Work order: Every line of the listing is returned unchanged, and every picture is dropped.

Data extract:
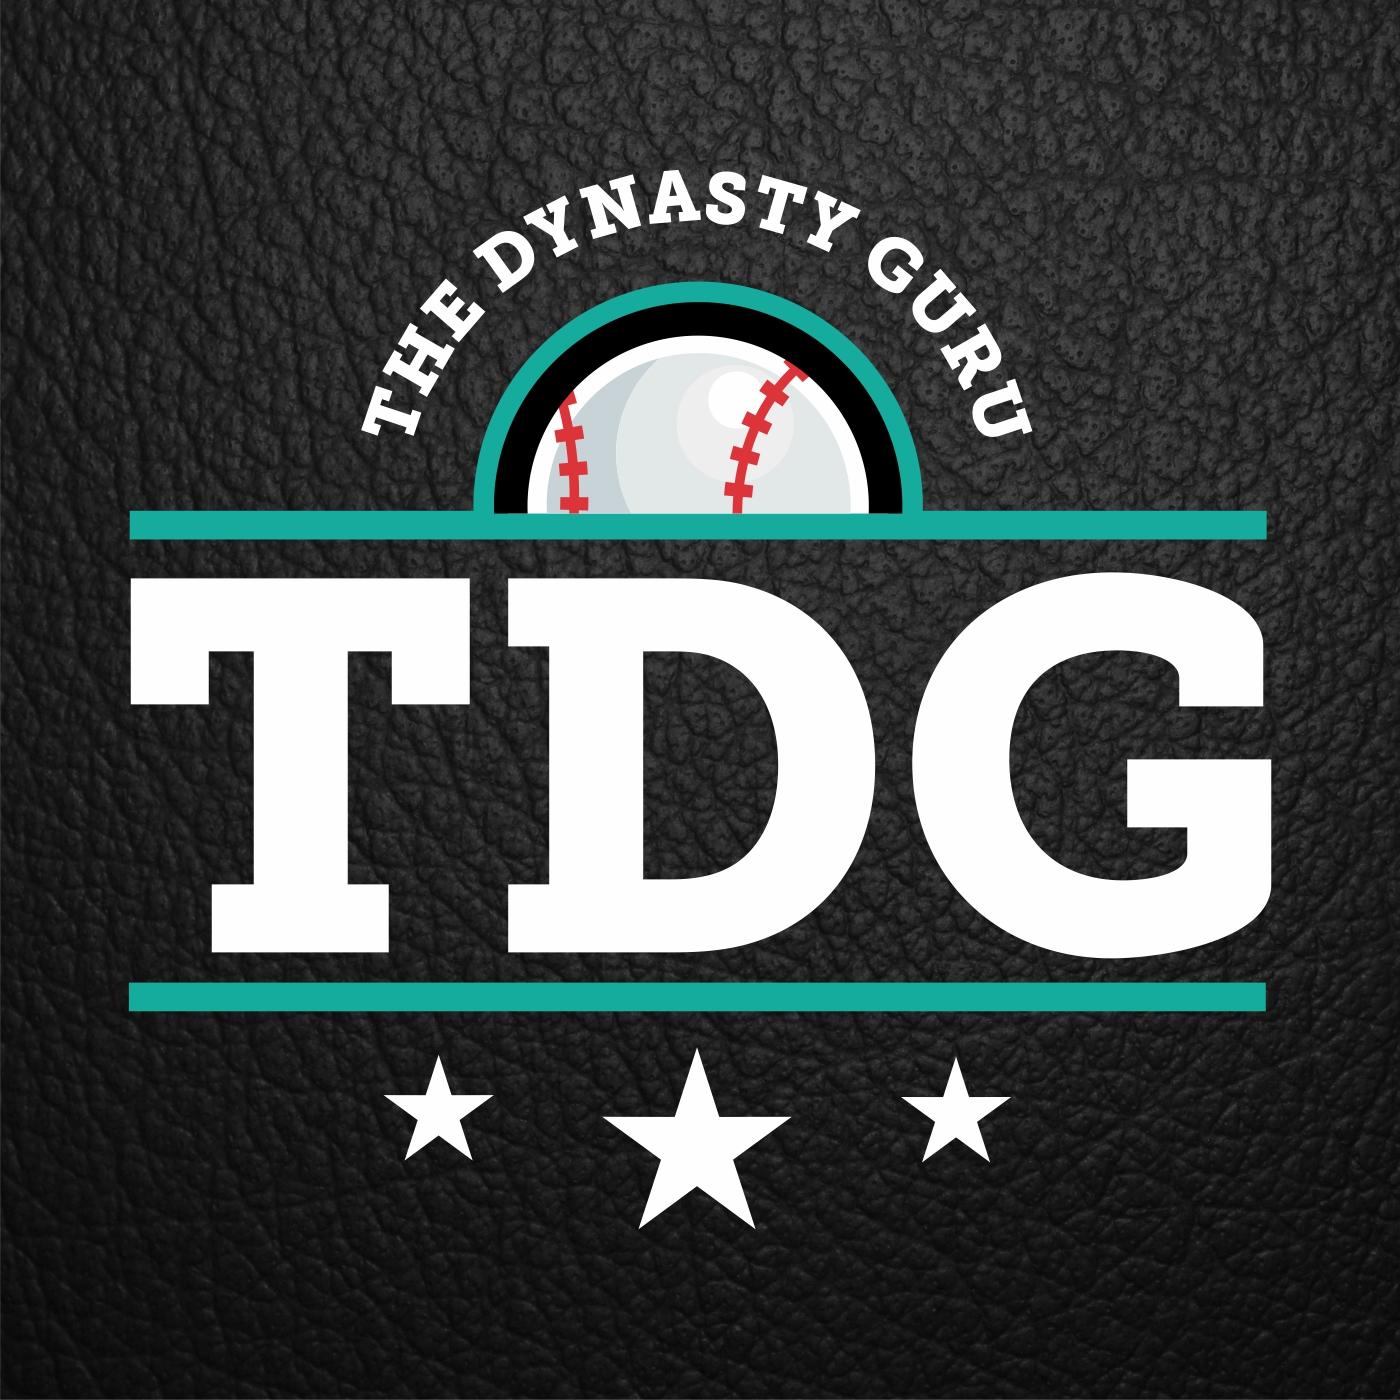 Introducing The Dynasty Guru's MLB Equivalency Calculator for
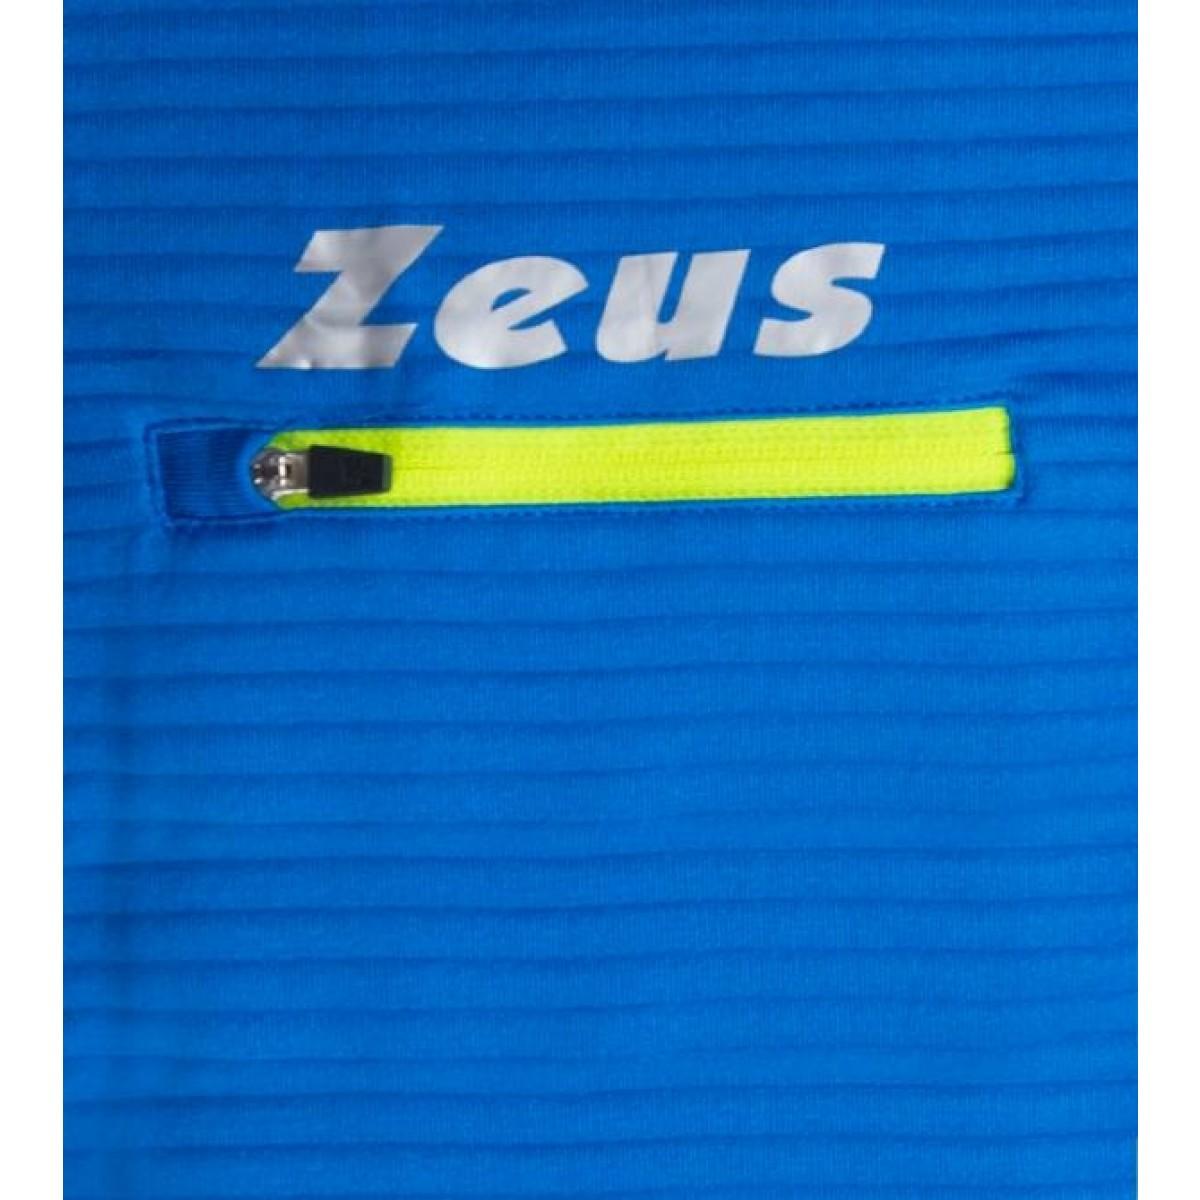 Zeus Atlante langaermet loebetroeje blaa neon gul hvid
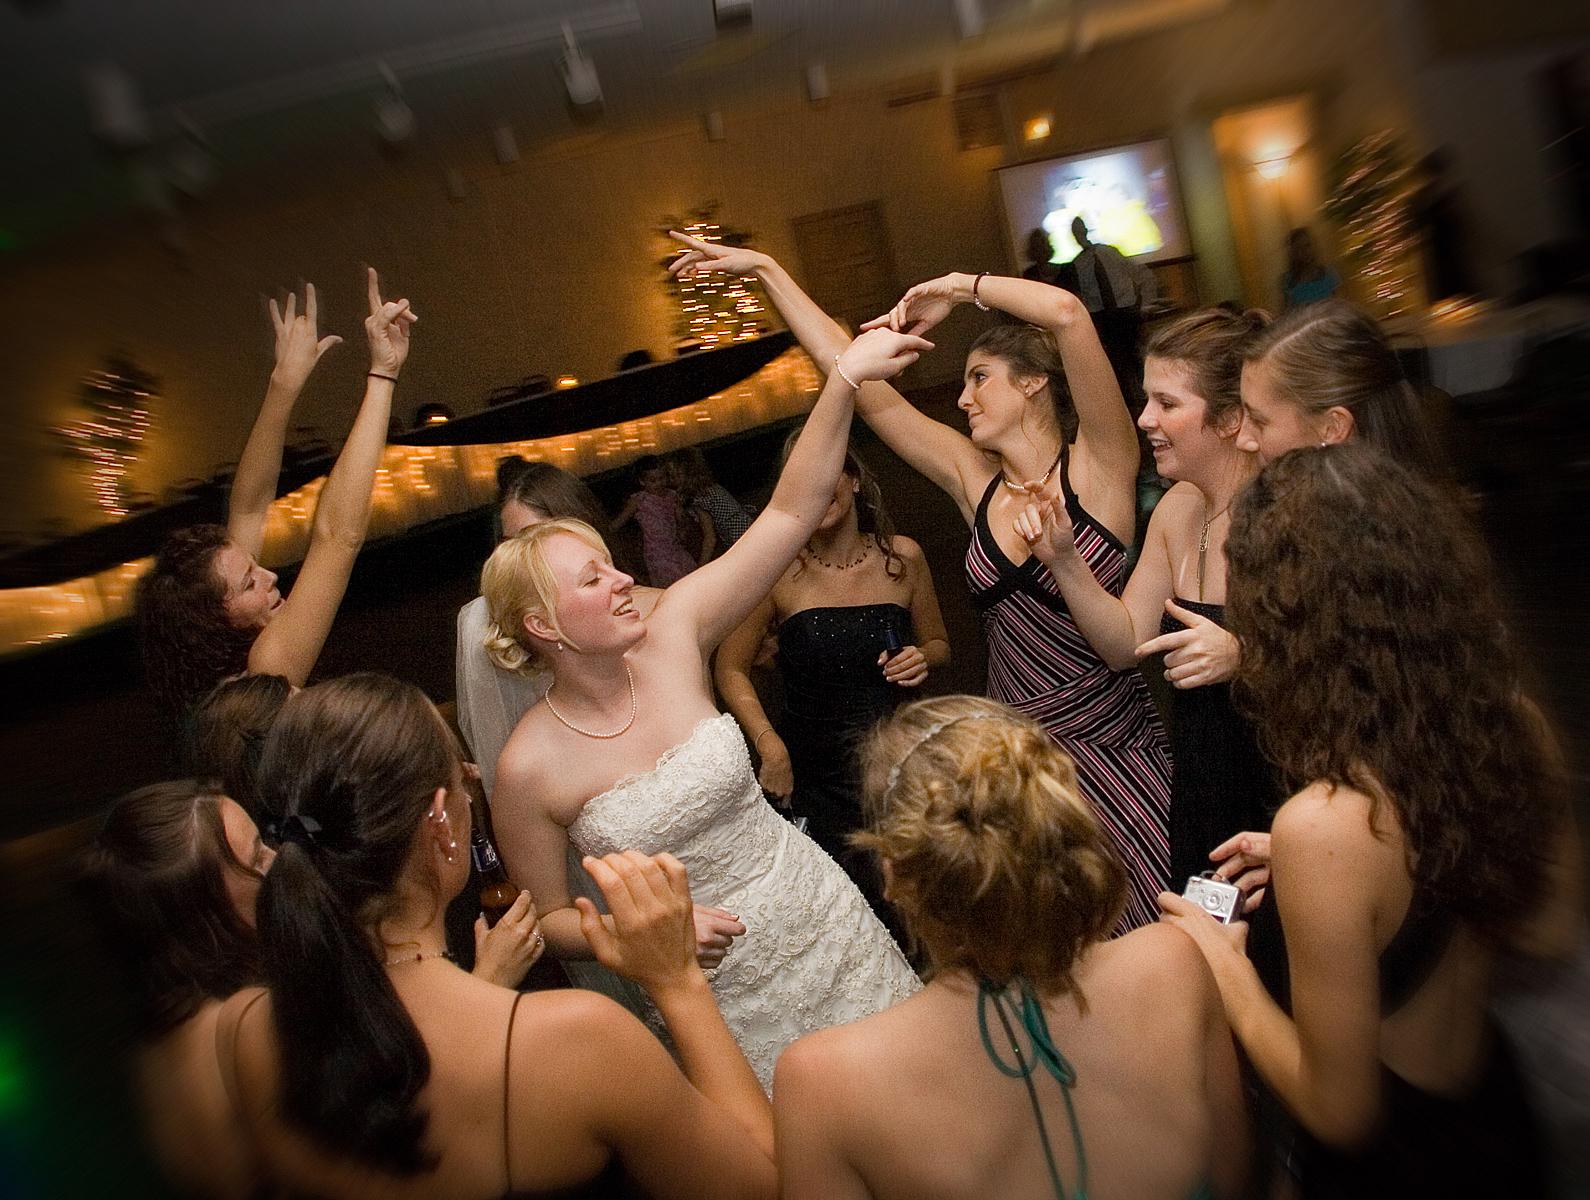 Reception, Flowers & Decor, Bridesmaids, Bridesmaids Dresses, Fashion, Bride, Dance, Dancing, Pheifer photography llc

Exercise output:
 Introducing The Dynasty Guru's MLB Equivalency Calculator for
 Zeus Atlante langaermet loebetroeje blaa neon gul hvid
 Reception, Flowers & Decor, Bridesmaids, Bridesmaids Dresses, Fashion, Bride, Dance, Dancing, Pheifer photography llc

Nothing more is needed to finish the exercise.